Hace ya unos meses que no vengo alimentando
este mi querido blog, debido a varias circunstancias. La primera y principal es
la sensación de agotamiento que se produce después de más de doscientos
cincuenta artículos salidos con aceptable puntualidad cada semana; con ese
ritmo que por momentos se hace frenético, llega un momento en que ya no sabes
de dónde seguir bebiendo para mantener viva la llama y ésta, acaba por
extinguirse.
Otra razón es que había
recuperado la escritura de una novela que empecé hace años y que había quedado
abandonada en una carpeta en la pantalla de mi ordenador y que un familiar muy
querido, me impulsaba a continuar. Hoy está casi terminada.
Y la razón más importante es
que de unos meses a esta parte, me invade la pereza. La ausencia de disciplina
en la vida de un jubilado, va minando las resistencias que cada vez más leves,
tratan de impedir que te dejes llevar por la molicie total y al final la
victoria del “dolce far niente” se
impone con toda su tiranía.
Pero a veces he sentido ganas
de escribir algún otro artículo en el que divulgar alguna de esas historias que
están escondidas detrás de la Historia y eso es lo que me ha ocurrido con el
asunto que comprende el título de este artículo.
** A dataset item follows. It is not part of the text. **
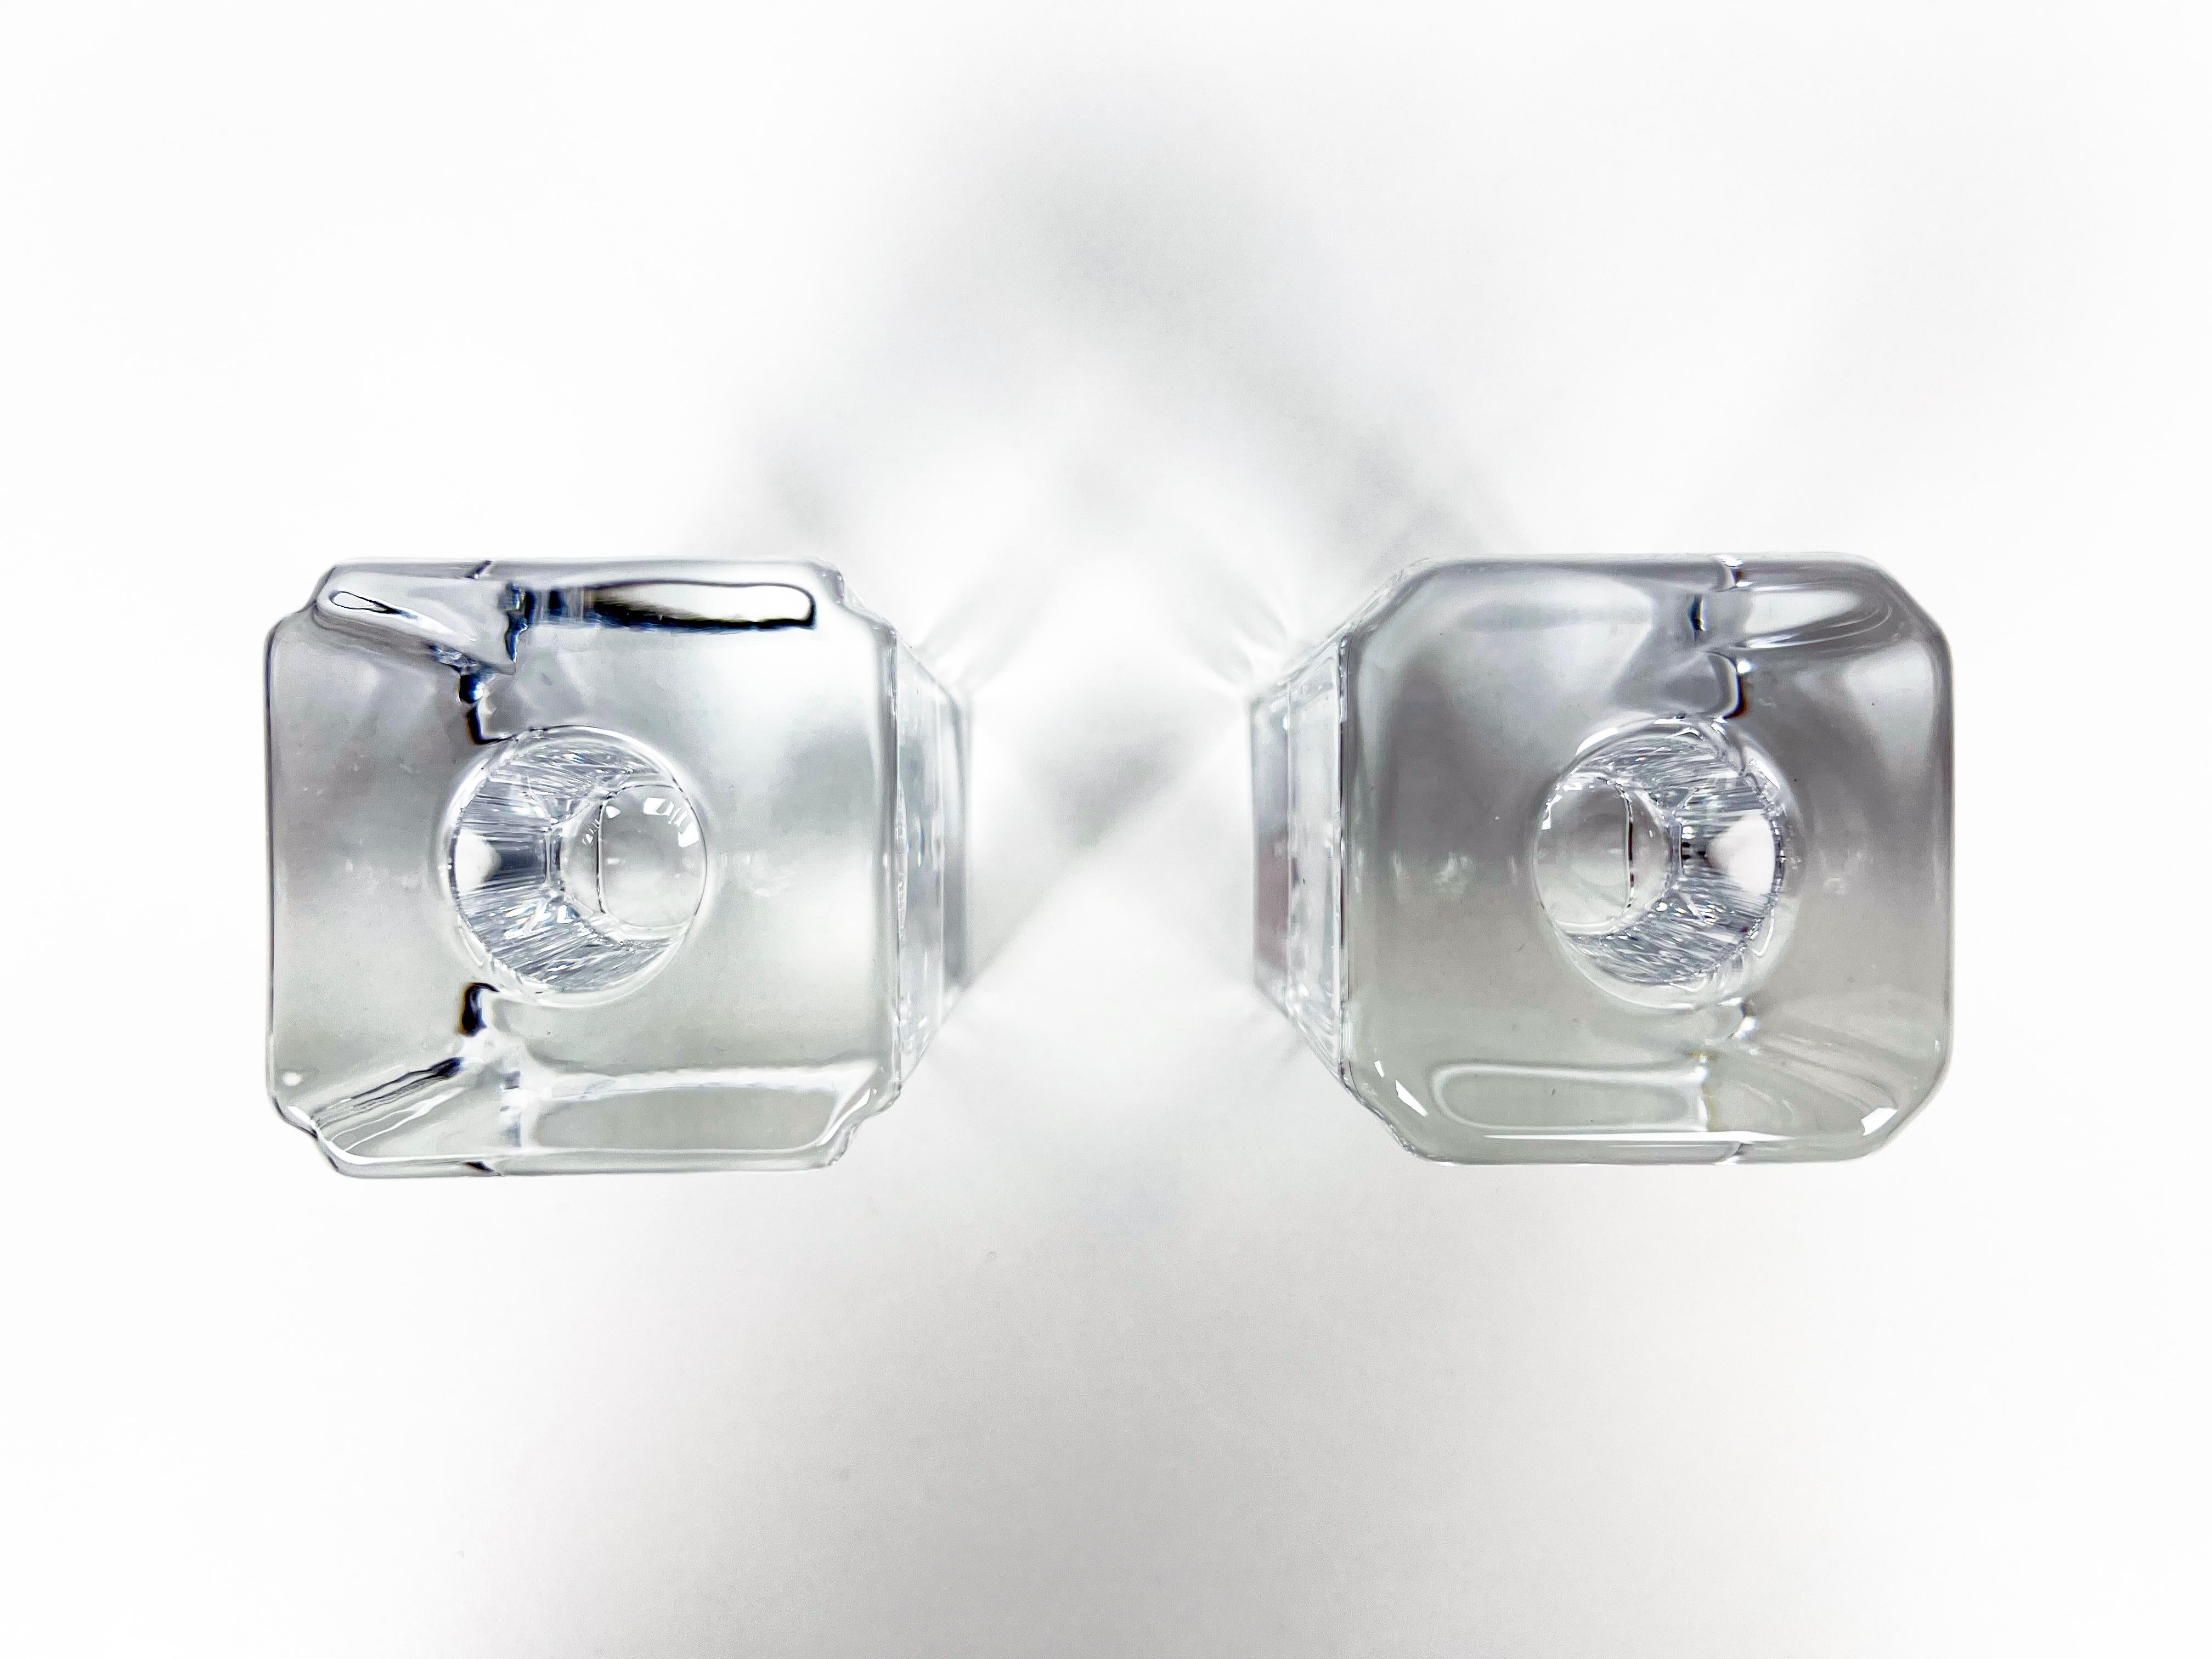 Scandinavian Modern Kosta Boda Crystal Candle Holders by Anna Ehrner, a Pair For Sale

Hace ya unos meses comencé la
lectura de Episodios Nacionales, empezando por Trafalgar y leyendo en el orden
cronológico en el que se fueron sucediendo los acontecimientos que es el mismo
que el autor fue escribiéndolos. La obra completa es larguísima, como ya saben
los lectores y yo aún no he llegado a la mitad, pero estoy absolutamente
enganchado y cualquier momento es bueno para continuar la lectura.
Lectura que recomiendo
encarecidamente no solamente por la cantidad de información que aporta, sino
por la espléndida narración y la belleza literaria de la obra.
Y entre esas múltiples
informaciones, me vine a enterar del Decreto de proscripción que curiosamente,
al menos para mí, se firmó en Jerez de la Frontera, mi pueblo vecino, el día
cuatro de octubre de 1823.
Para mejor comprender esto,
sin tener que leer el Episodio denominado El Terror de 1824, es necesario
explicar que entre 1820 y 1823, se produce una etapa en la historia de España
que se conoce como Trienio Liberal,
el cual no era bien visto por la monarquías absolutistas extranjeras, sobre
todo por Francia que nos envió a los conocidos y famosos Cien mil hijos de San
Luís, cuerpo de ejército con el que se pensaba restablecer el absolutismo.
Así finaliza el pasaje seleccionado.